Would you copy the listing below exactly, keeping the pictures out?
*** Dataset extract ***
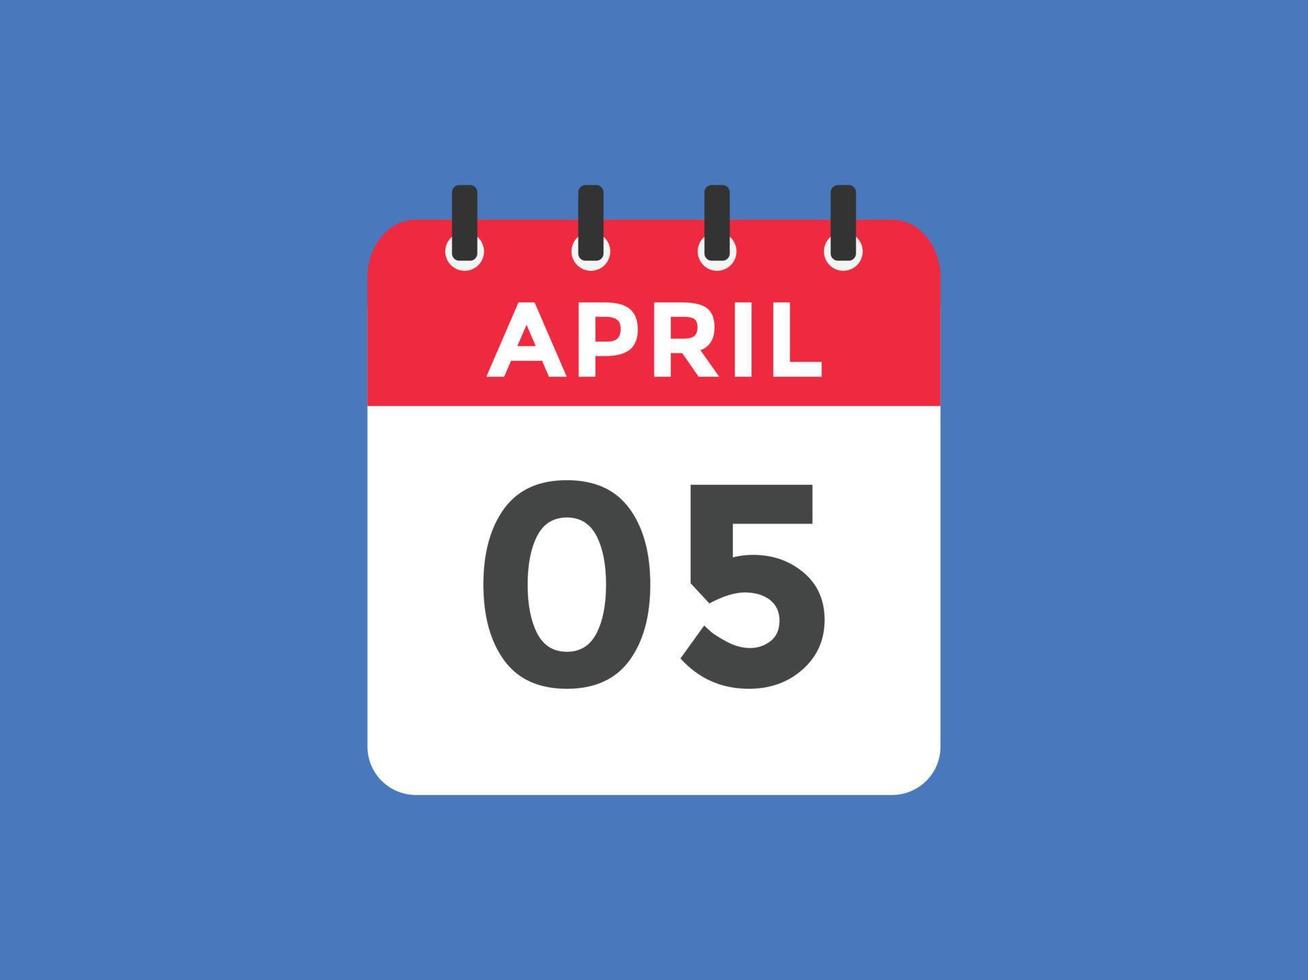 april 5 kalender påminnelse. 5:e april dagligen kalender ikon mall. kalender 5:e april ikon design mall. vektor illustration
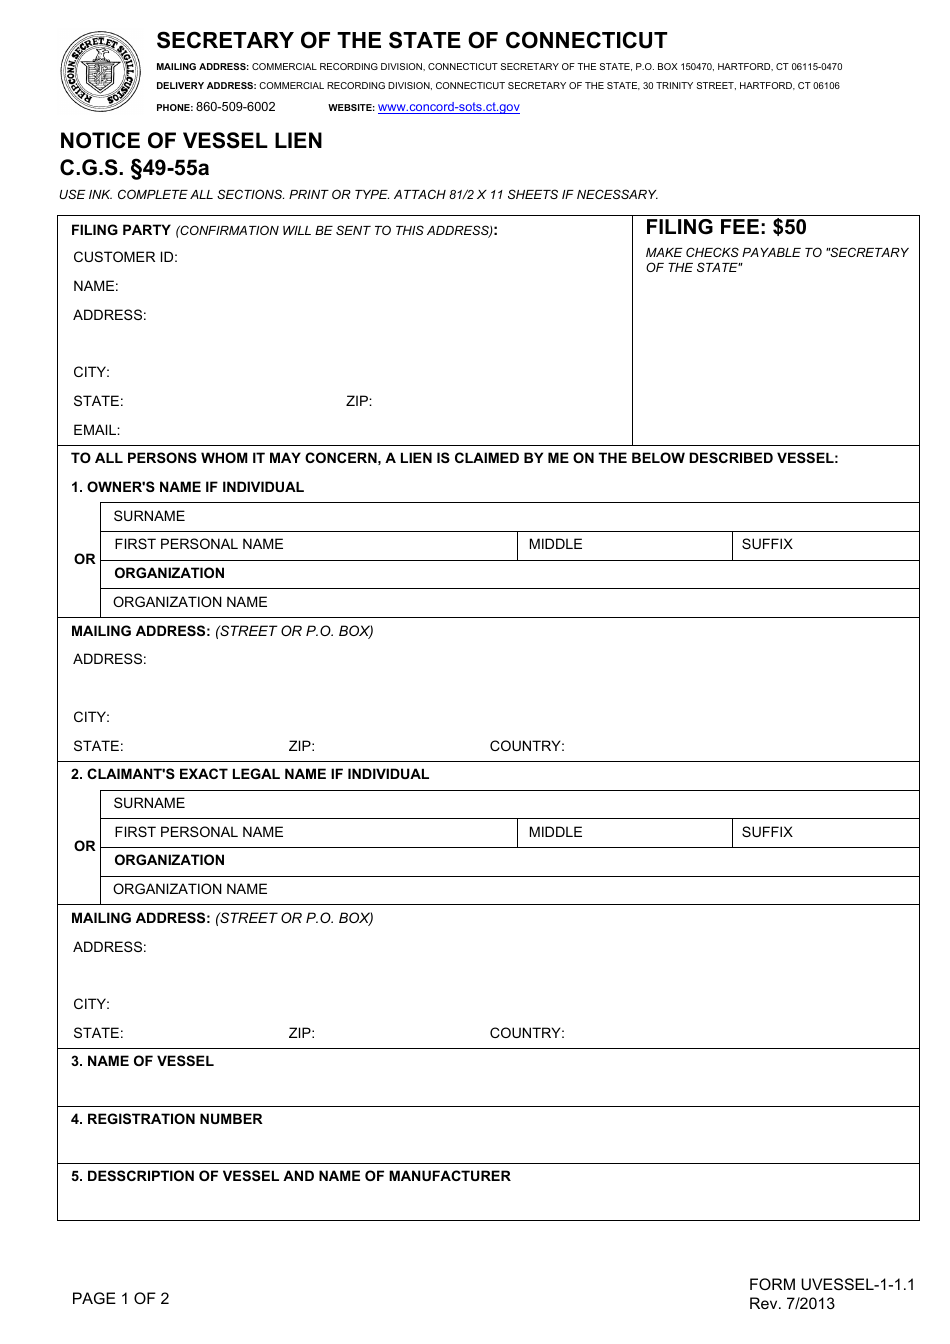 Form UVESSEL-1-1.1 Notice of Vessel Lien - Connecticut, Page 1
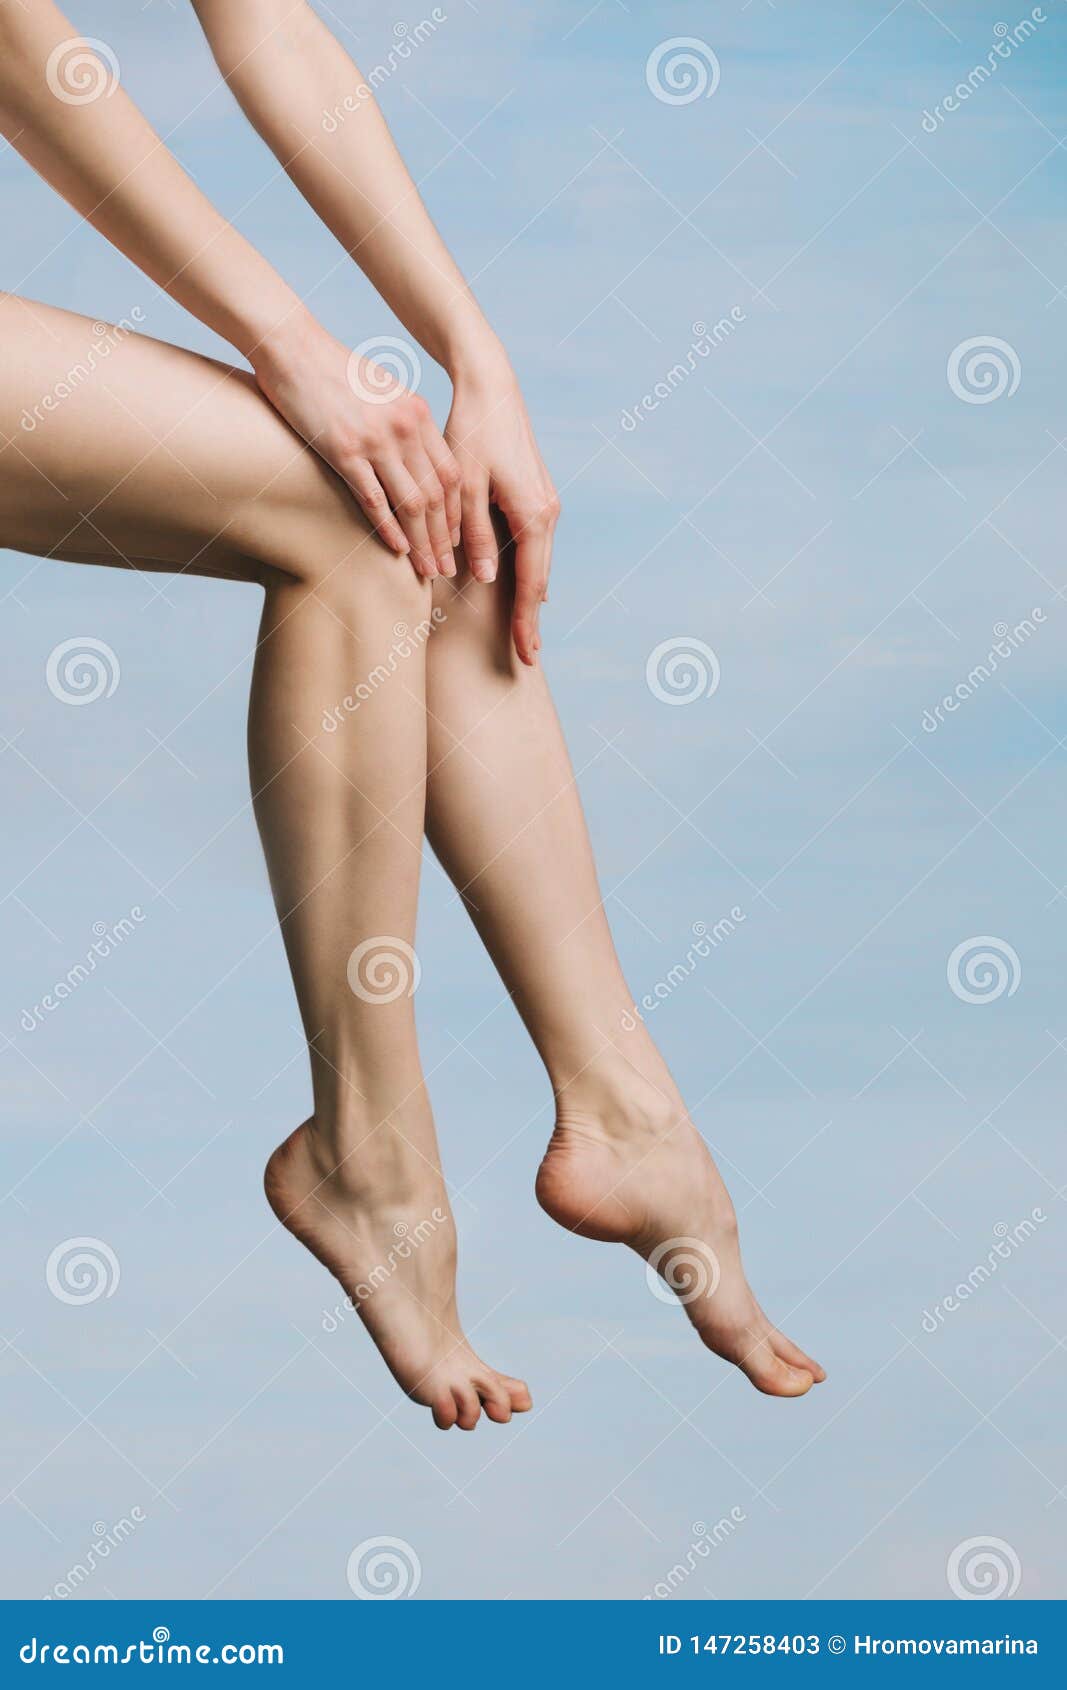 Nude Female Legs
*** End of Dataset extract ***
- **Solved problem**
 april 5 kalender påminnelse. 5:e april dagligen kalender ikon mall. kalender 5:e april ikon design mall. vektor illustration
 Form UVESSEL-1-1.1 Notice of Vessel Lien - Connecticut, Page 1
 Nude Female Legs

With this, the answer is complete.